On paper, the idea makes sense--two incomes can qualify for more than one. Two savings accounts can handle a down payment better than one. Two people can split the mortgage, taxes, utilities, repairs, and maintenance.

And for some people, co-buying may be the difference between getting into the market now or sitting on the sidelines for another five or ten years.

It can also open the door to smarter property choices because instead of stretching for a small single-family home, two buyers might be able to look at a duplex, a house with an in-law suite, or a property with better long-term rental potential.

That part is real. But let’s slow the conversation down: buying property together is not like splitting dinner. And it’s not even like sharing an apartment.
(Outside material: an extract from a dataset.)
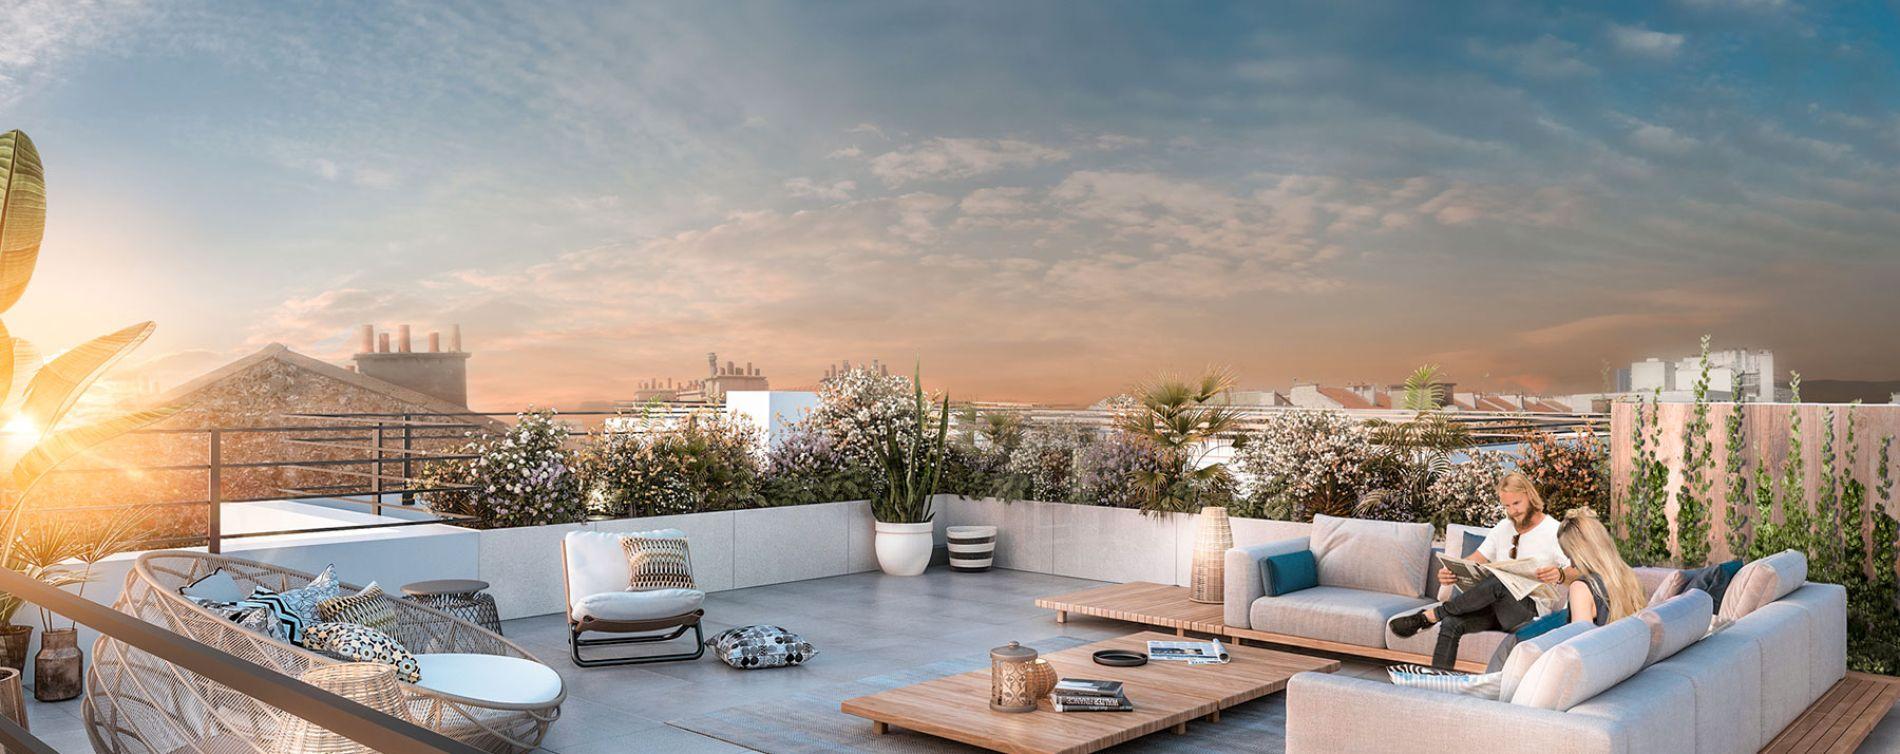 Montrouge : programme immobilier neuve « Cityzen » (4)

When you buy a property with another person, you are tying your finances, credit, responsibilities, and exit options together.
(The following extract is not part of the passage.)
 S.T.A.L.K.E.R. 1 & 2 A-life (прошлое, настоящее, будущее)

That matters a lot! What happens if one person wants out? Or if one buyer loses their job and repairs are needed but only one person has the money? What if one wants to rent the property and the other wants to sell, or (uh-oh) what happens if the relationship changes?

These are not negative questions--they are adult questions. And they need to be answered before anyone signs a purchase agreement. This is where I think the phrase “real estate pre-nup” makes sense.

If two people are going to buy together, they need a written agreement that explains the rules clearly.

Who owns what percentage?
Who pays what?
Who lives there?
Who handles repairs?
What happens if someone wants to sell?
How is the property valued if one person wants to buy the other out?
Who makes final decisions?
What happens if someone stops paying?

That agreement should be handled by a qualified attorney, not scribbled on a napkin and not left to good intentions. Good intentions are nice, but they are not a business plan.

Please understand, I am not against co-buying, because in the right situation, with the right people, the right property, the right financing, and the right paperwork, it can be a smart move. In other words, it all has to be ‘right’--100%.

Because if something if not right, the same structure that helps you qualify for a home can also trap you in a bad situation if there is no exit plan in place.

The concept is kind of simple: Co-buying may help solve the affordability problem, but it does not remove the need for discipline.

So make sure to run your numbers, put the agreement in writing, talk through the ugly scenarios early, and make sure everyone understands the risks.

I'm interested in your take: would you buy a property with a friend, sibling, or non-spouse partner if it helped you get into the market?